Raporda Habib-i Neccar Camisi ile Gaziantep Kalesi örnek verilirken, “Kalenin yıkılan sur kısımları gevşek dolgulu höyük üzerindeyken, kalenin yıkılmayan kısımları ise kaya üzerinde olduğundan sağlam kalmıştır.” değerlendirmesi yapıldı ve şu ifadeye yer verildi:
30’DAN YAŞLI BİNALAR TESTE TABİ TUTULSUN
“Bina alan seçimi ve yapımları, mutlaka inşaat, jeoloji ve jeofizik uzman kişilerin müşterek onayı ile gerçekleşmelidir. Yerleşim alanları planlanırken kesinlikle fay hatları ve alüvyonlu alanlara yapılmamalı ve mutlaka hazır beton ve kırma taş kullanılmalıdır. Betonun ideal ömrü 75-100 yıldır. Ancak evler için bu süre 40 yıla düşer. Bundan ötürü 40 yıldan yaşlı binalar mutlaka beton testine tabi tutulmalıdır. Beton ömrü sahil kısımlarda daha hızlı yıpranmakta ve daha hızlı bozuşmaktadır. Bu nedenle deprem açısından riskli İstanbul, İzmir, Çanakkale, Mersin, Muğla, Yalova, Kocaeli ve Bursa gibi illerde, 30 yıldan yaşlı tüm binalar beton testine tabi tutulmalıdır.
AFET MÜDAHALE PLANI OLMASI GEREKTİĞİ GİBİ DEĞİL
TÜBA’nın yayımladığı raporda, ‘Afet Yönetiminin Önemi’ başlığı altında, özetle şu saptamalar yer aldı:
● Afete müdahale risk azaltmayla başlar, hazırlık ile devam eder.
● Afet yönetiminde dil ve fikir birliği oluşturmak gereklidir.
● Türkiye, risk azaltmada zayıf kalmaktadır.
● Risk azaltmaya harcanmayan bir birim maliyet, afet sonrası dört birim maliyet harcamayı gerektirir.
● Afet yönetimi bir sürdürülebilir kalkınma problemidir.
● En büyük doğa kaynaklı afet kuraklık olmasına rağmen Türkiye’de kuraklık doğal afet olarak sayılmamaktadır.
● Afete hazırlıkta planlama, tahmin, tatbikat ve eğitim aşamaları bulunmaktadır.

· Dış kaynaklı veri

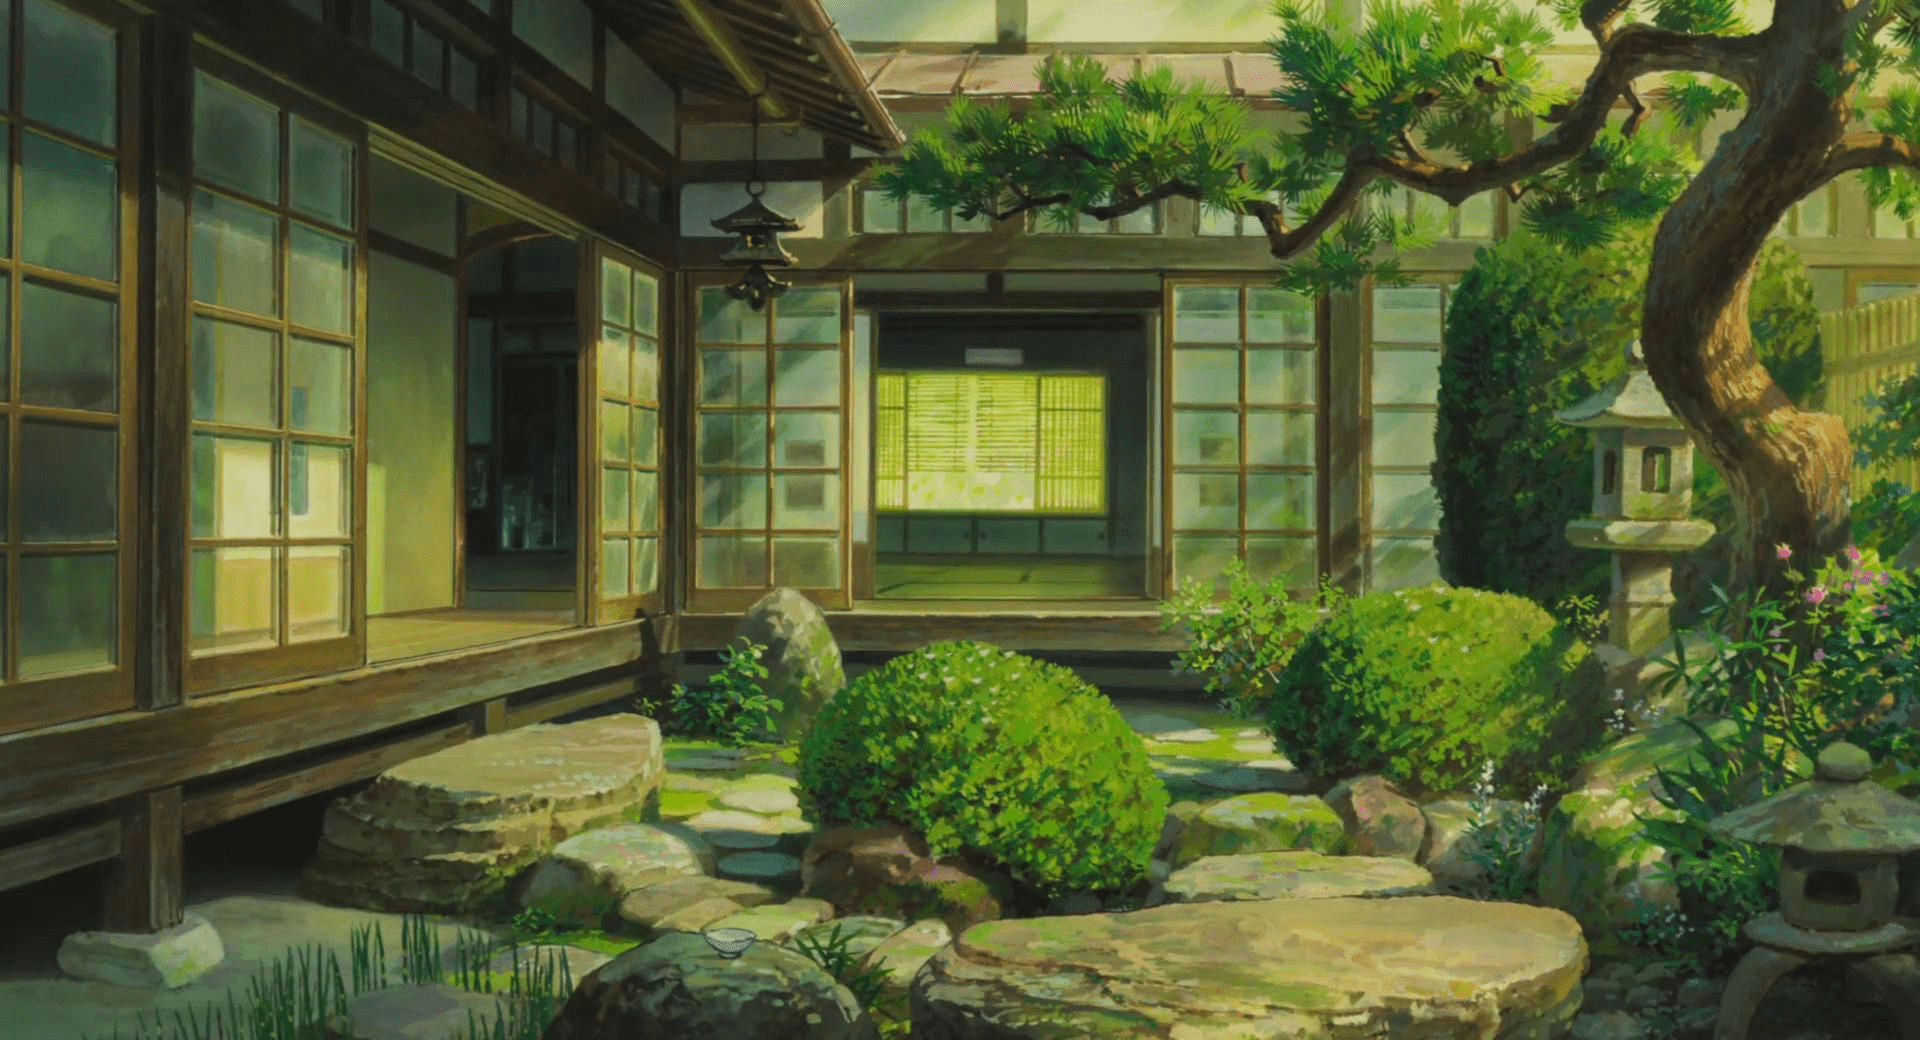 Studio Ghibli When The Wind Rises

● Türkiye Afet Müdahale Planı şu anda olması gerektiği şekilde değildir.
İLK 30 DAKİKA İÇİN BİREYLER EĞİTİLMELİ
● Depremlerde ilk 72 saat altın saatlerdir. Vatandaşın bu saatler için kapasitesinin geliştirilmesi gerekir çünkü ilk müdahale aile ve komşulardan gelir. Hiç olmazsa afetin ilk 30 dakikasına bireylerin hazırlanması gerekmektedir.
● Alternatif iletişim yöntem ve altyapılarına yatırım zorunluluğu doğmuştur.
● Su şebekeleri depreme göre yapılmalı, şehirlerin uygun yerlerine su depoları kurulmalıdır.
● Deprem sonrasının önceden planlanması gerekir.
● Dünyada afet yönetiminin tarihsel gelişimine kıyasla Türkiye, günümüzü henüz yakalayamamıştır.
AFET BAKANLIĞI KURULSUN
● Yönetilebilir bir seviyeye kadar riskleri azaltarak reaktif kriz yönetiminden proaktif risk yönetimine geçilmelidir ve ulusal bir mobilizasyon çabası başlatılmalı, öncelikle Marmara bölgesi ile başlanmalıdır.
● Kapsamlı ve dinamik bir afet yönetim sistemi kurmak için, tüm bilimsel disiplinleri gerekli yerlerde ve gerektiği kadar içeren ve uzman koordinatörlerle koordine edilen bir yapıya ihtiyaç vardır. Bu, yüksek riskli kentsel alanlardaki riskleri azaltarak kentleri afetlere karşı daha dirençli hale getirmek için uygun müdahale ve yeniden yapılanma önlemleri sağlamak için entegre bir yapı olan Şehircilik ve Afet Yönetimi Bakanlığı gibi bir yapı oluşturarak gerçekleştirilebilir.
● Her üniversitede yetersiz acil yardım ve afet yönetimi programları oluşturmak yerine, mevcut programlar birleştirilerek uluslararası standartlarda eğitim sunacak mükemmeliyet merkezleri haline getirilmelidir. Bu önlemlerin uygulanmasıyla, Türkiye afet yönetim sistemini iyileştirebilir, kayıpları azaltabilir ve afetlere karşı direncini artırabilir.